If you lingered around Fuggled for any reasonable length of time, you will no doubt have seen me comment about how Guinness was my first legal beer, on my 1th birthday at the Dark Island Hotel back home on Benbecula. Irish style dry stouts have long been one of my favourite styles, especially when watching the rugby - which this year included the World Cup, in which Scotland got the group from hell (seriously, Ireland AND South Africa in our group). Anyway, Derek, one of the owners of Three Notch'd is from Ireland, and a fellow rugby fan, all round good bloke, and randomly meeting him in a pub back in 2012 still counts as one of my favourite things since living in Charlottesville. So when we met at Three Notch'd to watch Scotland lose heroically to an excellent Ireland side in a magnificent game of running rugby, I was thrilled to see a 4.2% dry stout on tap, and once I had let it warm up to the proper temperature it was magnificent, I might even dare to say on a par with O'Hara's...

Rest of the US
  • Schwarz - Von Trapp Brewing, Stowe, VT
  • Karlův 13° - Schilling Beer Co., Littleton, NH
  • Dunkel - Von Trapp Brewing, Stowe, VT
An example of each of the major dark lager styles makes up the final three from the US in the dark beer category, dunkel, tmavé, schwarzbier. But the winner is, in my mind at least, clear. Von Trapp are one of my go-to breweries in general, and when they brought out a schwarzbier as a special release way back in February I was a happy camper. I have long been a fan of the style in general, I prefer the roastiness and dry finish of a schwarzbier to the sweeter finish of a dunkel or the more classic iterations of tmavé. Von Trapp's Schwarz is a little stronger than the Köstritzer, the extra body being very welcome. I hope they release it again soon.

Rest of the World
  • 14° Tmavý - Pivovar Hostomice, Hostomice, CZ
  • Antidepressant Autumn Dark Lager - Klášterní Pivovar Strahov, Prague, CZ
  • Svijanská Kněžna - Pivovar Svijany, Svijany, CZ
A clean sweep for Czech breweries and each of these beers was had with my best friends whilst wandering around Prague in November on an extended birthday shindig. The winner though is the one that I was most excited to see on tap, even though it wasn't listed on the menu when we arrived, is Strahov's lovely Autumn Dark Lager, one of the inspirations for the tmavě I designed for Devils Backbone back in 2010, called Morana. Lots of toasty bread, a subtle bitter cocoa note, and a nice sharp hoppy bite to snap everything back to attention makes this a far too easy to drink beer, and had we not had plans to meet up with friends later that day, I would happily have sat in the brewpub at Strahov and drunk it all afternoon and evening.

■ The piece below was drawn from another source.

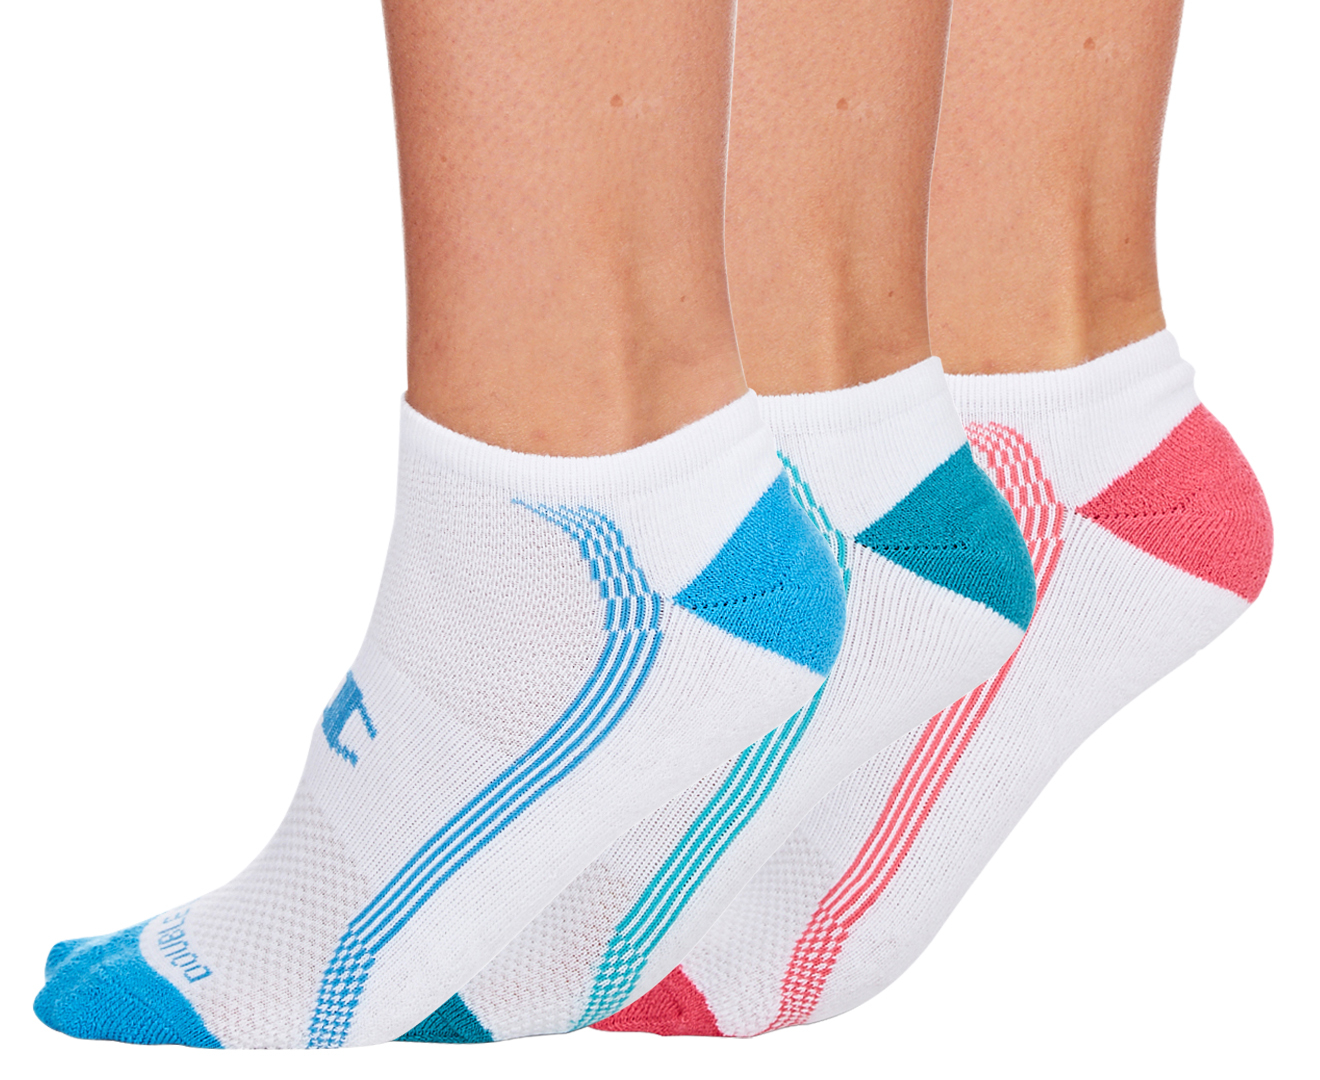 Champion Women's Size US 6-10 Low Cut Sock 3-Pack - Blue/Teal/Pink ...
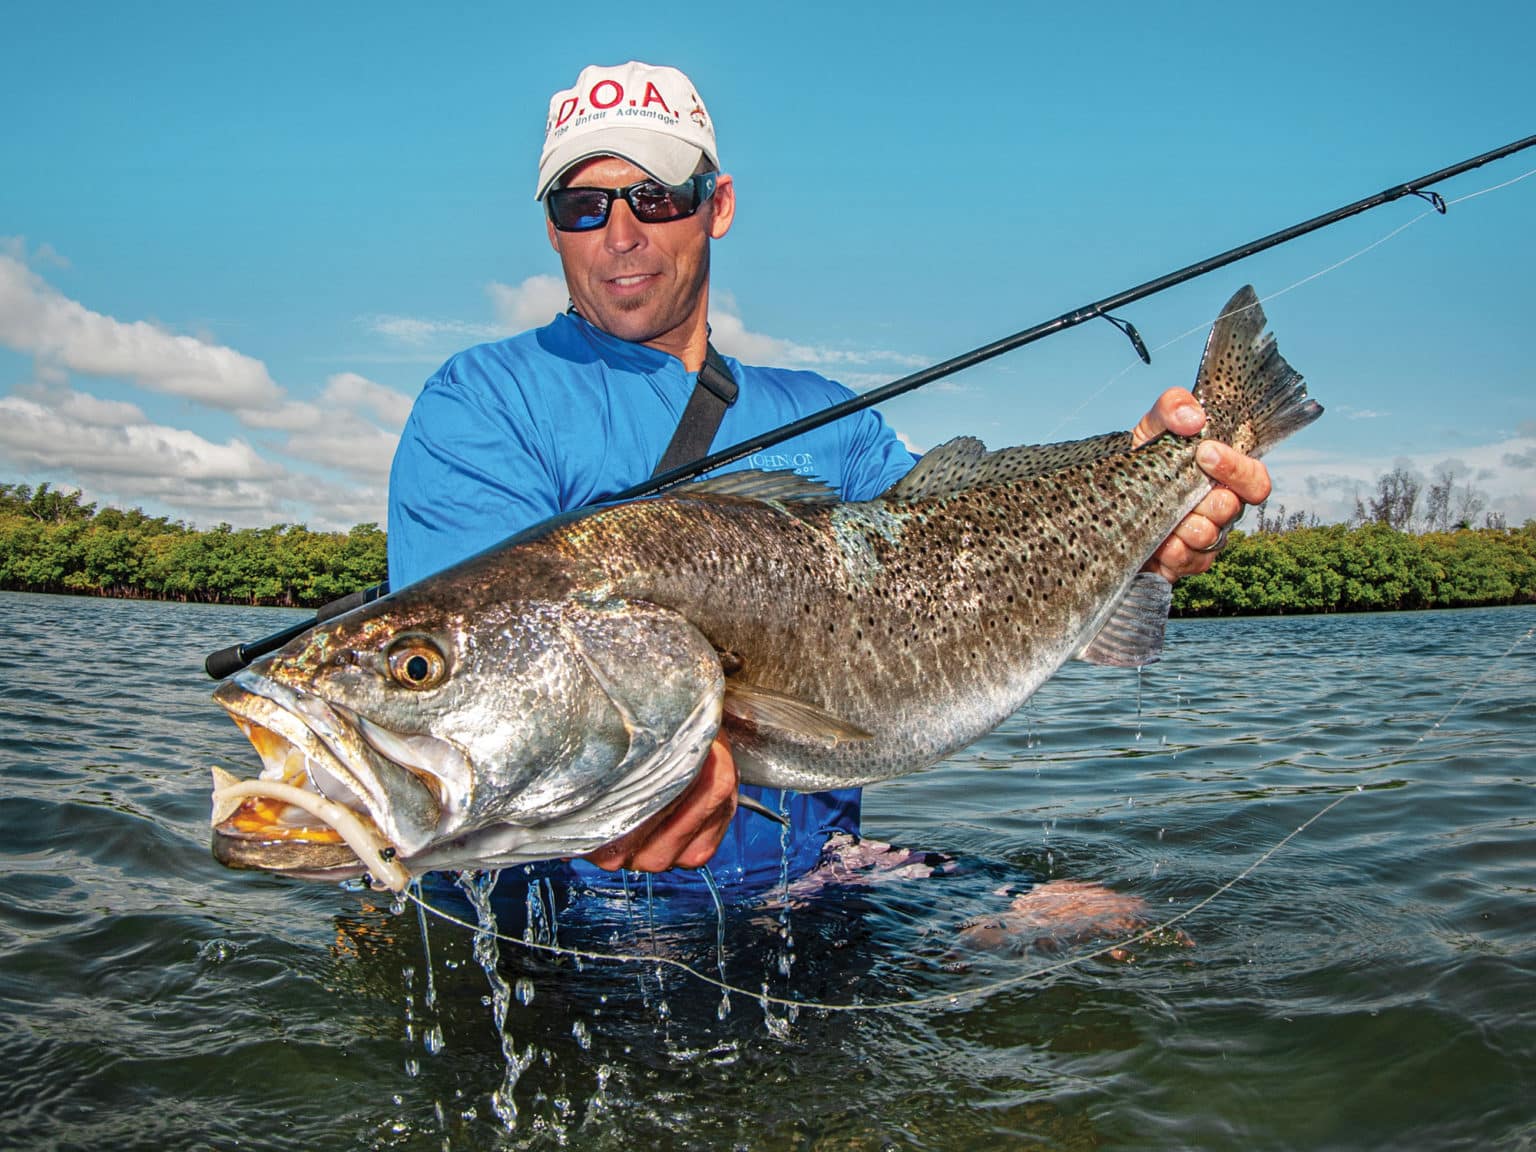 Seven Top Tips for Landing Large Seatrout

Friends and dark beers seems to have been a theme this year, indeed just yesterday I met up with a couple of friends here in Central Virginia, went to watch the Liverpool vs Arsenal match, and had the London Porter from Superfly Brewing mentioned above. The winner also ties in with a sporting event, in this case watching Ireland beat Scotland in the rugby world cup back in the autumn, Three Notch'd Brewing's Sláinte Irish style stout. A fantastic version of one of my go-to styles, and one that I wish were a regular part of the Three Notch'd lineup, especially if there is rugby to watch at the same time.

Tuesday, December 19, 2023

Fuggled Beers of the Year: Between Orange and Brown

BOAB is such a catchy little moniker isn't it? I almost changed it for ORB - orange, red, and brown - but having laid down a marker with BOAB, thus is shall remain. Let's look at the beers for this category though shall we?

Virginia

  • Tabolcloth Vollbier - Selvedge Brewing, Charlottesville & Tabol Brewing, Richmond
  • Franconian Kellerbier - Port City Brewing, Alexandria
  • Alt Bier - Devils Backbone Brewing, Nellysford
Honorable mentions: O'Fest - Devils Backbone Brewing, Nellysford; 80/- - Decipher Brewing, Charlottesville; CU Later - Patch Brewing, Gordonsville; Dunkel - Caboose Brewing, Vienna.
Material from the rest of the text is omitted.